To do
With the pictures left out, retype exactly the lines below starting at the line that contains "4_Infraestructuras de" and ending at the line that contains "Waterproof Ultrasonic Skin Scrubber".

** Opening Dataset entries block **

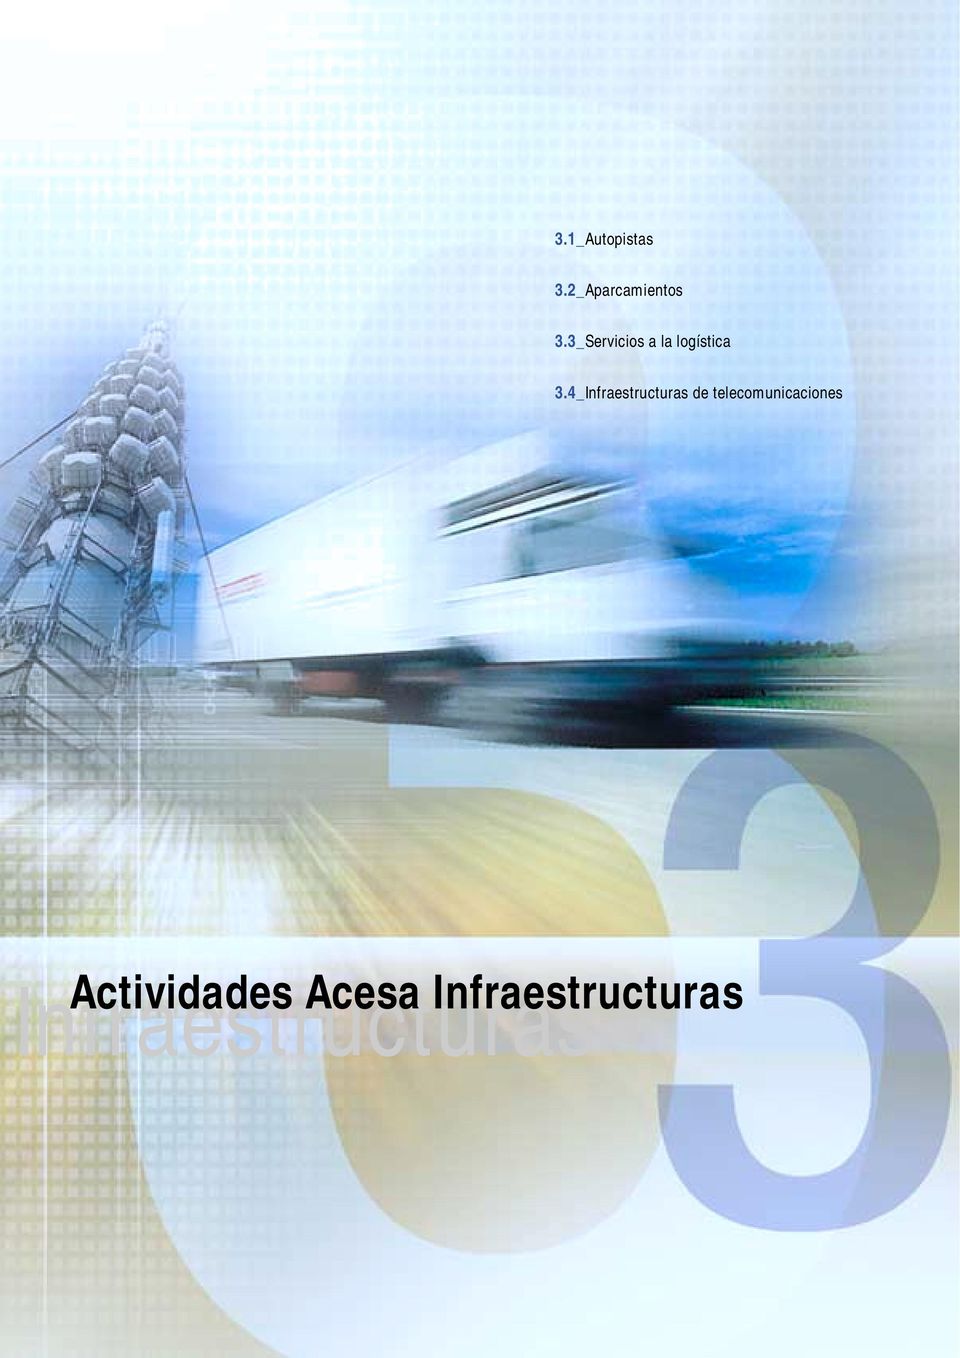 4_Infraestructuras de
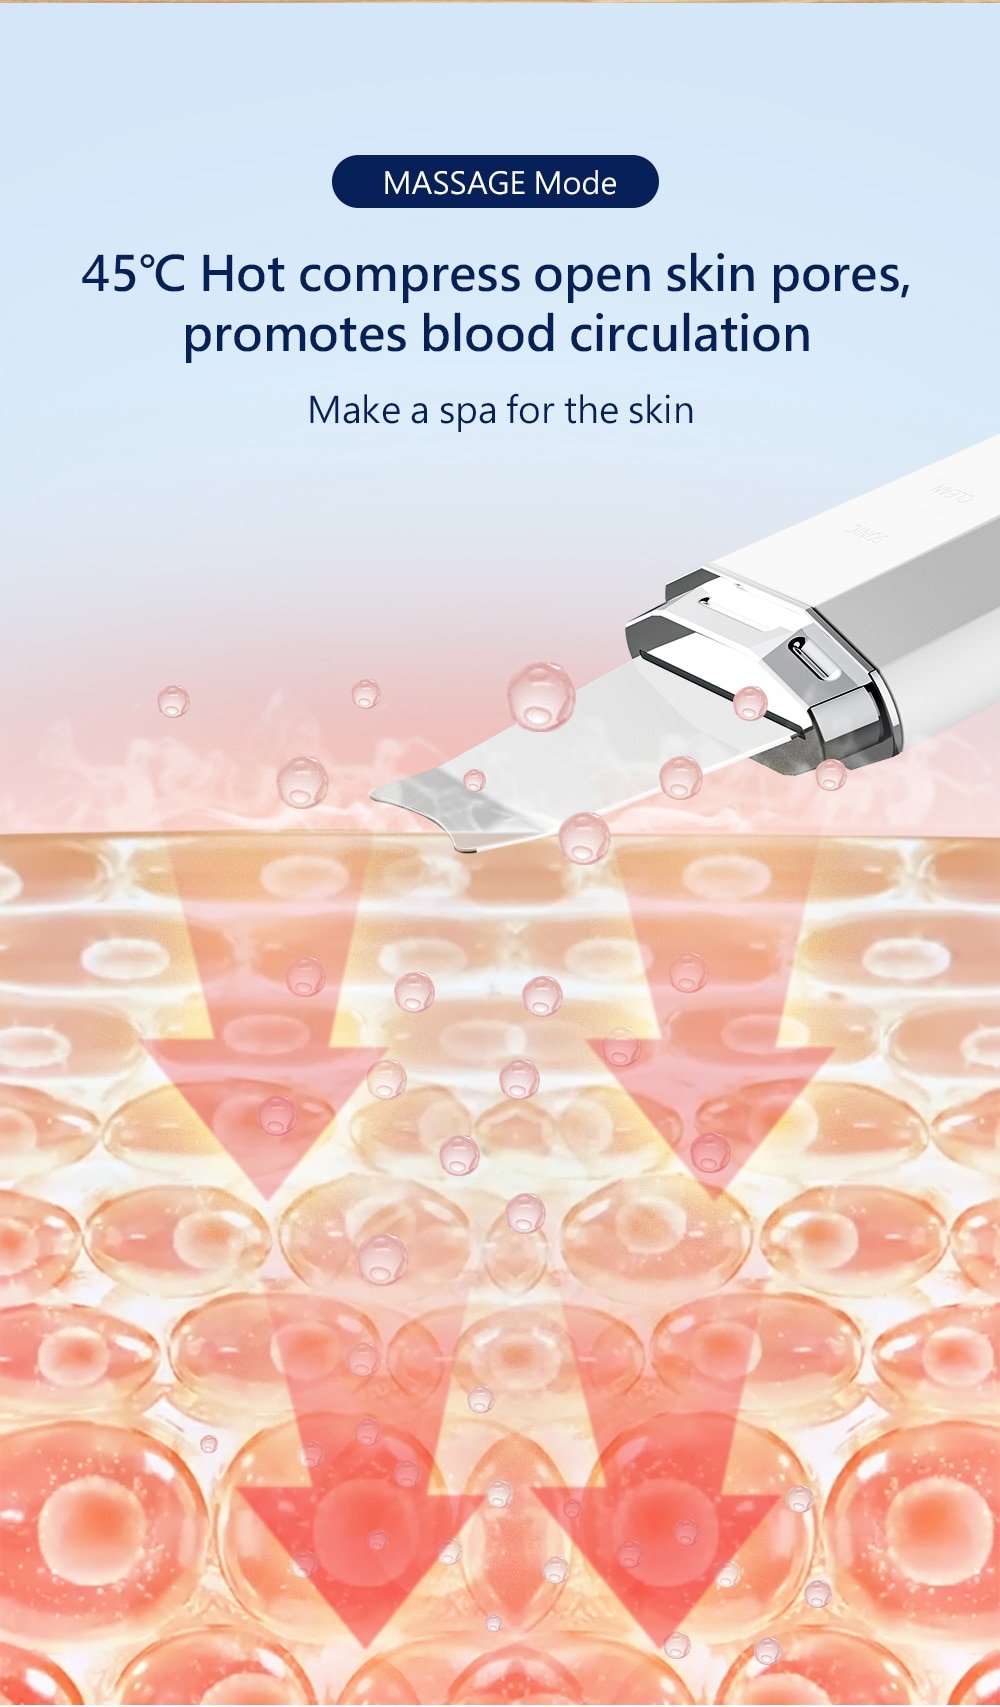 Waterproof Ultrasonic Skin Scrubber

** Closing Dataset entries block **
** Opening Dataset entries block **

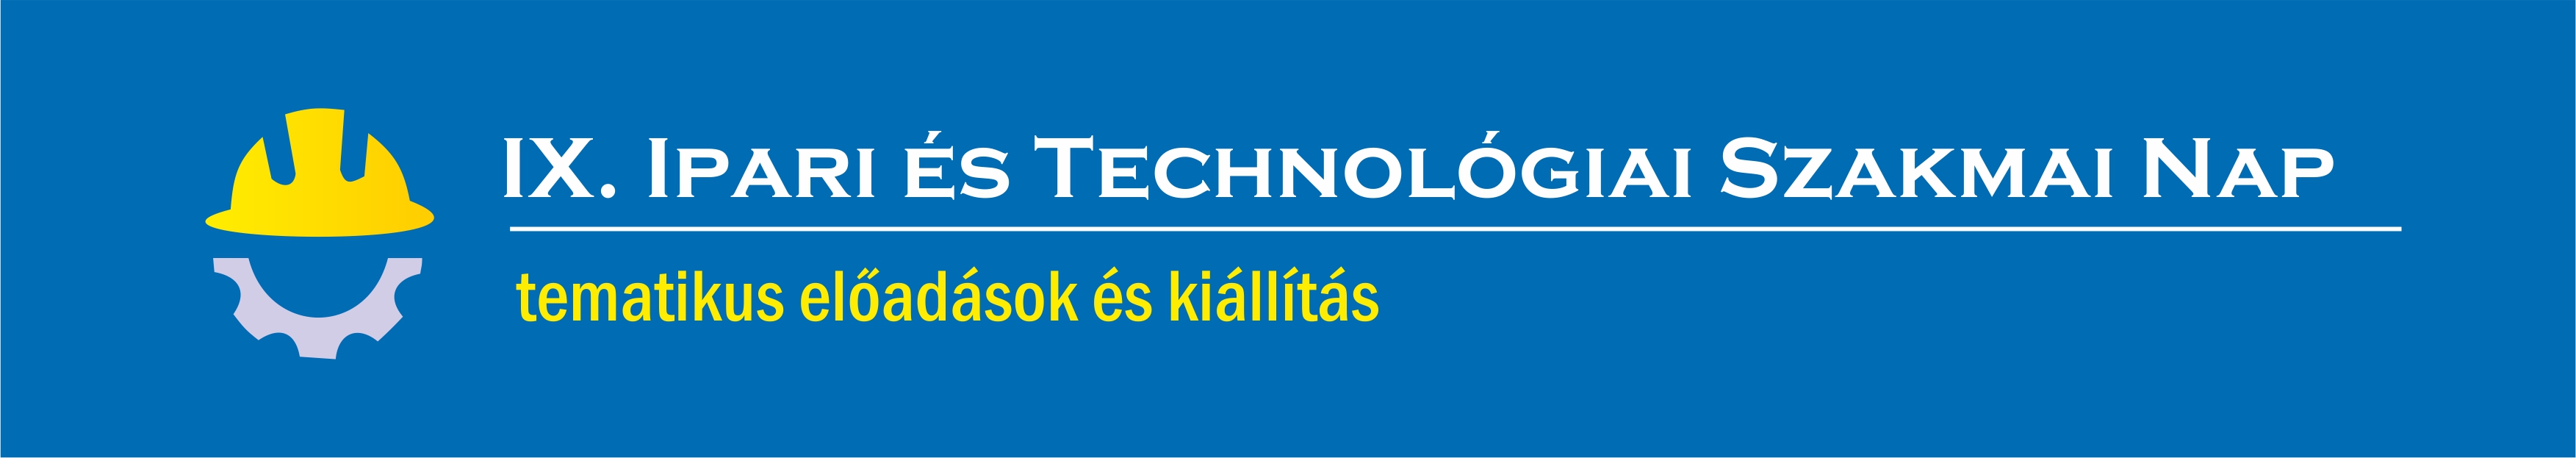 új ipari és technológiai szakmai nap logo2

** Closing Dataset entries block **

Task response
 4_Infraestructuras de
 Waterproof Ultrasonic Skin Scrubber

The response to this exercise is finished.